Ahora resulta que los gobernadores son garantes del federalismo. De hecho ni siquiera ha existido un consenso activo sobre el significado del vocablo entre aquellos mandatarios que manifiestan preocupación por él. Hay un nuevo esquema de poder que ha comenzado a delinearse. Incluso en la más reciente reunión de la Conago, ese organismo de relaciones públicas de todos los derrotados en la elección del 1 de julio, los gobernadores demandaron más centralismo y no más independencia relacional con el centro de poder representado ahora por el presidencialismo fuerte que ha comenzado a edificar Andrés Manuel López Obrador. Los integrantes de esa coordinación cuasi gubernamental habrían deseado que el eufemísticamente llamado convenio de coordinación fiscal -y que no es otra cosa que la negociación a oscuridad de los intereses de los grupos de poder de cada entidad- se mantuviera y permitiera, en sus sueños, el abuso y el latrocinio que ha caracterizado prácticamente todas las gubernaturas de la era previa al 1 de julio. Popularmente, desde los años 70, a los gobernadores se les refiere como “goberladrones” y no hay muchas excepciones. El ejemplo contundente de la cálida ética de los gobernantes, de más reciente memoria, es el del grupo que conformó “el nuevo PRI”, aunque también estuvieron en las prácticas más reprobables mandatarios salidos del PAN y del PRD. La decisión de crear coordinaciones de los estados que articularán la relación de los mandatarios con el presupuesto federal y, en consecuencia con el poder federal de este tiempo nuevo, es al menos un principio ordenador y de control cuya ausencia hizo posible el aguzamiento de la enorme corrupción de que son responsables casi todos aquellos mandatarios preocupados por su debilidad y sus corruptelas.

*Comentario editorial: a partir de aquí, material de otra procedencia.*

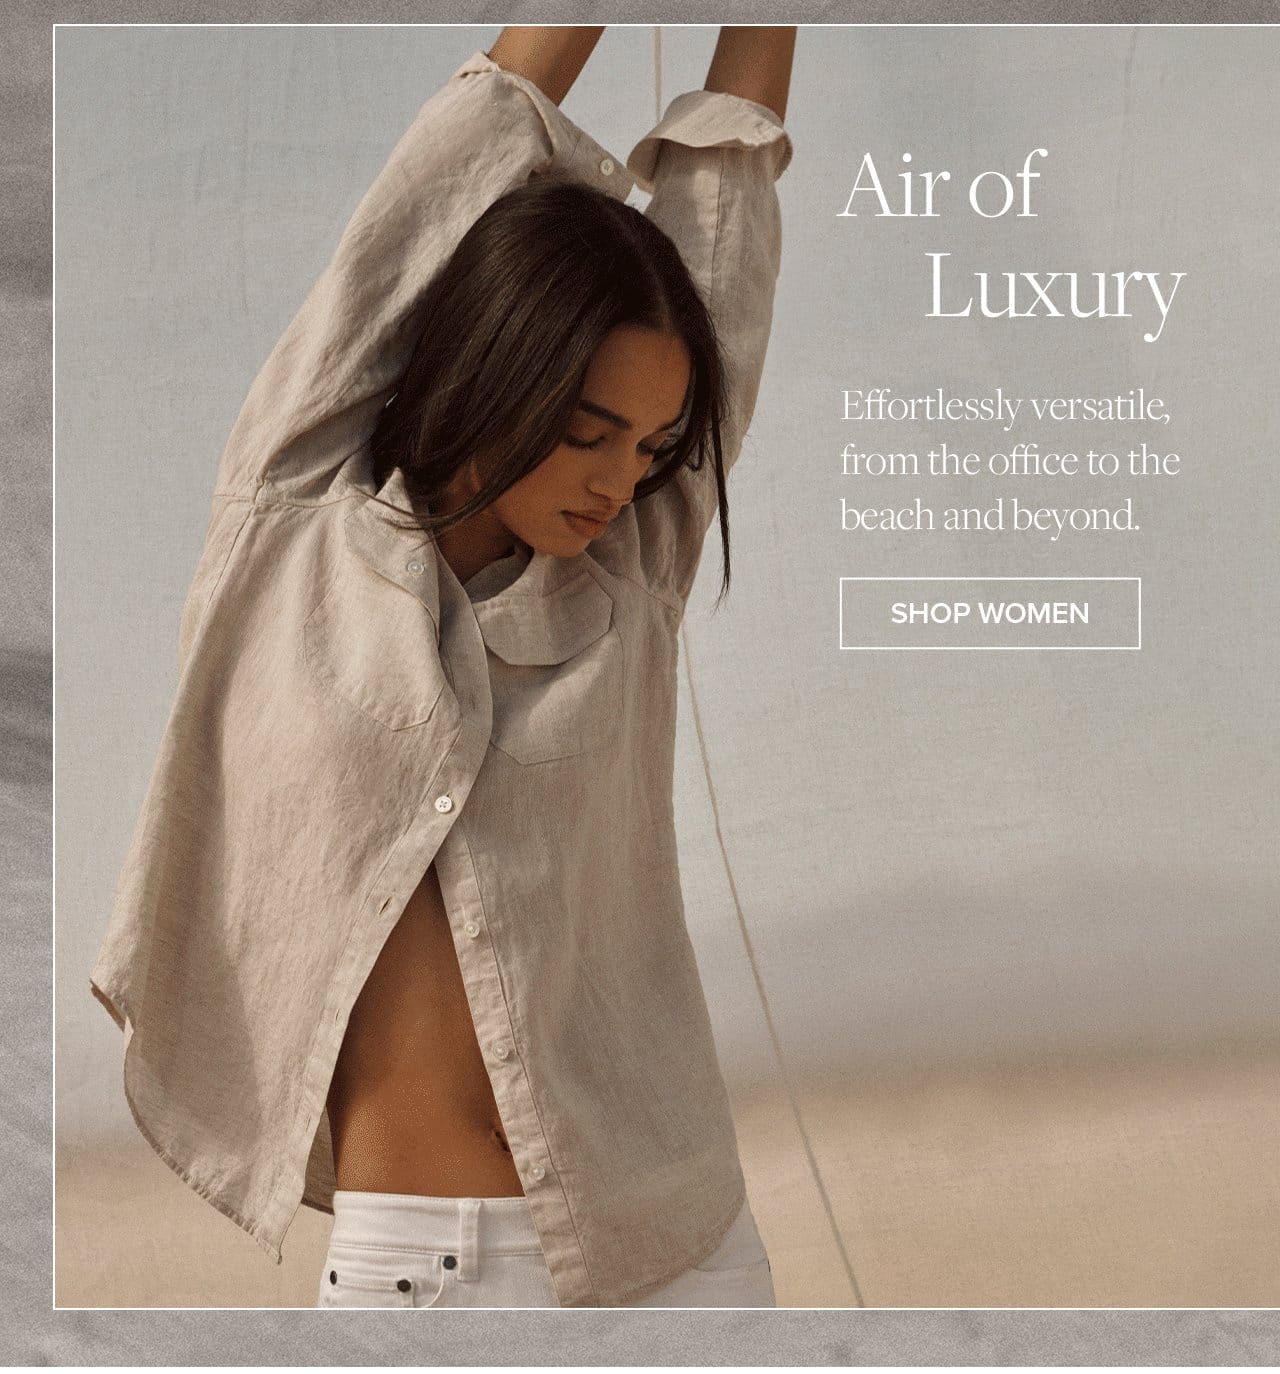 Air of Luxury. Effortlessly versatile, from the office to the beach and beyond. Shop Women

La Conago fue un instrumento para encubrir el desmantelamiento de las responsabilidades políticas de los gobiernos para con el resto del país en la relación con el presupuesto y con la ley. Ese organismo nunca fue foro para destacar el incumplimiento de políticas públicas o las corruptelas e incompetencias de sus integrantes. De hecho, era un acuerdo político personalista para proteger los virreinatos de vandalismo de sus integrantes. Ahora será muy interesante la supervisión y el control que podría ejercerse sobre personajes como Alfredo del Mazo o Enrique Alfaro, cuya procedencia y modo de actuar los perfila más bien en la política de opacidad y corrupción previa a 2018 que en el futuro al que apunta retomar el control del poder nacional.

Ojalá que las relaciones públicas no impidan asegurar el cumplimiento de la ley en todos los estados y que la opinión pública observe claramente qué se hace con el erario en esas entidades donde existen dudas, omisiones y complicidades que son conocidas y otras inimaginables, sino hasta después de diciembre, cuando sean evidentes.
Hoy debemos deshacernos de la aceptación estatal de lo que ya es inaceptable a nivel nacional. Digamos adiós al atrevimiento de lo ya impensable: “Sí, soy el gobernador y aquí se hace lo que me da mi… gana”, según se ha llegado a escuchar de los mandatarios a cuya sombra operan sus familiares y amigos.